Running one test on several devices with Python

Hi,

I am trying Appium using Python language. And I have a simple script on python for Android (just open app, find text and assert this text.)
I want to run this test on several devices.

**What I already did: **

I have created two android emulators. Run selenium grid hub. Create two configuration files for each emulator and run 2 appium servers:

hub
java -jar selenium-server-standalone-2.53.0.jar -role webdriver -nodeConfig emulator-5554.json -hub http://127.0.0.1:4444/grid/register

Appium servers:

appium --address 127.0.0.1 --port 4721 -bp 2253 --udid emulator-5554 --nodeconfig C:\SeleniumGrid\Android\emulator-5554.json

and

appium --address 127.0.0.1 --port 4722 -bp 2254 --udid emulator-5556 --nodeconfig C:\SeleniumGrid\Android\emulator-5556.json

My json configuration files:

first:

{  "capabilities":
      [
        {
          "deviceName": "emulator-5554",
          "browserName":"Browser", 
          "version":"4.4.4",
          "maxInstances": 1,
          "platform":"ANDROID"
        }
      ],
  "configuration":
  {
    "cleanUpCycle":2000,
    "timeout":30000,
    "proxy": "org.openqa.grid.selenium.proxy.DefaultRemoteProxy",
    "url":"http://127.0.0.1:4721/wd/hub",
    "host": "127.0.0.1",
    "port": 4721,
    "maxSession": 10,
    "register": true,
    "registerCycle": 5000,
    "hubPort": 4444,
    "hubHost": "127.0.0.1"
  }
}

second:

{  "capabilities":
      [
        {
		  "browserName":"Browser", 	
          "deviceName": "emulator-5556",
          "version":"4.4.4",
          "maxInstances": 1,
          "platform":"ANDROID"
        }
      ],
  "configuration":
  {
    "cleanUpCycle":2000,
    "timeout":30000,
    "proxy": "org.openqa.grid.selenium.proxy.DefaultRemoteProxy",
    "url":"http://127.0.0.1:4722/wd/hub",
    "host": "127.0.0.1",
    "port": 4722,
    "maxSession": 10,
    "register": true,
    "registerCycle": 5000,
    "hubPort": 4444,
    "hubHost": "127.0.0.1"
  }
}

And my setUp method:

def setUp(self):
        desired_caps = {}
        desired_caps['platformName'] = 'Android'
        desired_caps['platformVersion'] = 'platformVersion'
        desired_caps['deviceName'] = 'deviceName'

        desired_caps['app'] = 'oneDo.apk'

        self.driver = webdriver.Remote('http://127.0.0.1:4444/wd/hub', desired_caps)

How can I run this one test on several devices?
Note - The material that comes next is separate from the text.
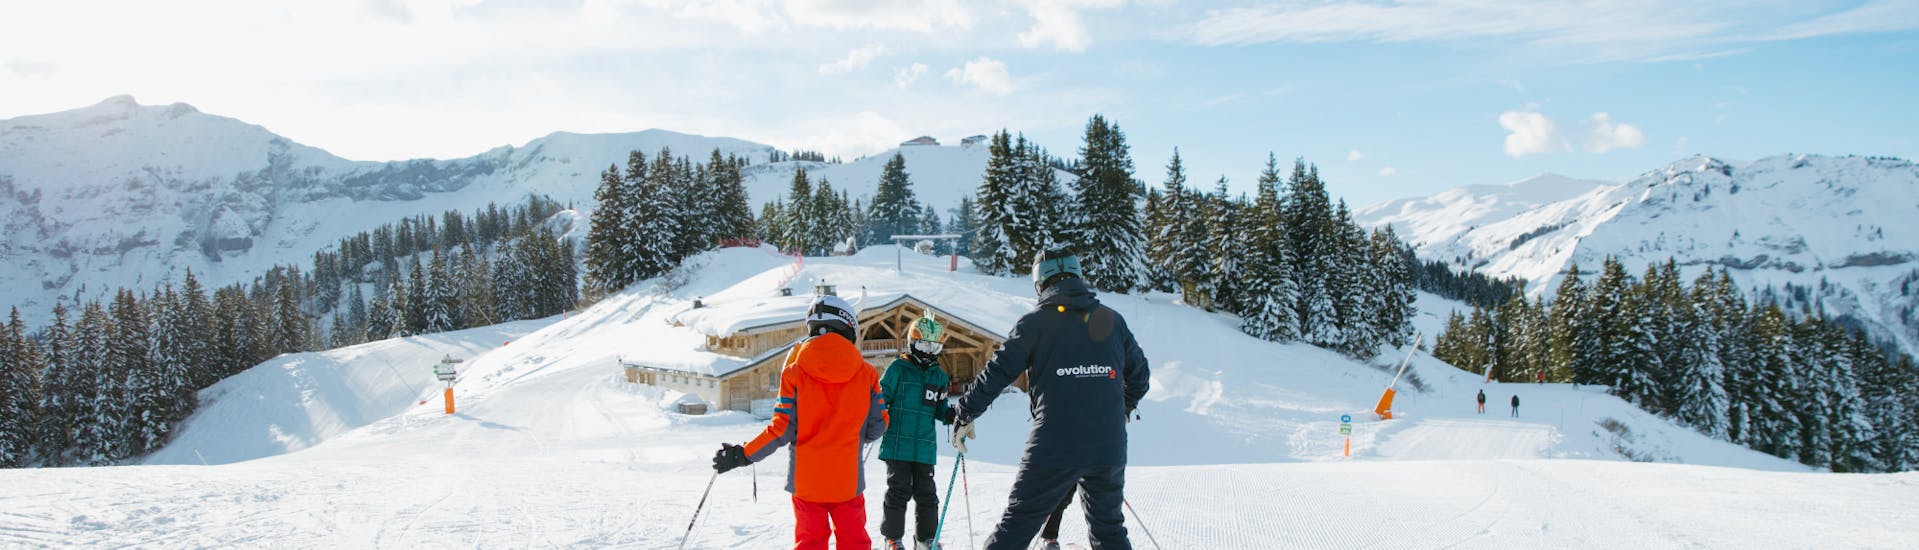 Une famille s'amuse lors de Cours particulier de ski Enfants (dès 4 ans) avec Evolution 2 Saint-Gervais.

What should I do next?
May be use any frameworks. Bat what and how? I asked this question everywhere and read everything.

Always what I have known, is to create second script test2.py, but for another device. So each script for each device. But I think itsn’t correct way.

Help me please

You want to put your tests inside a loop so that they run twice. Your second test’s run might run on the same device/emulator as your first test, however, so you need some way to tell the Selenium Hub server to choose your second emulator instead.

The Selenium Hub server chooses which test node to allocate for a test session using an internal class called the DefaultCapabilityMatcher. This class simply checks if a test node matches the desired capabilities of a session request based on the desired capabilities’ platform, browser, and version. For native app Android tests, the browser name field is not used. For all Android tests, the platform must be “Android”. You’re stuck using just the platform version field to have this capability matcher distinguish between the two emulators.

I had a similar problem where I wanted certain tests to run on certain nodes only, so I wrote my own capability matcher. There’s an option when starting Selenium Hub to use a different capability matcher, so that’s how I was able to register my custom matcher with the Hub. You can write your own matcher to check other properties and fields among your test nodes to determine which node a session should run on.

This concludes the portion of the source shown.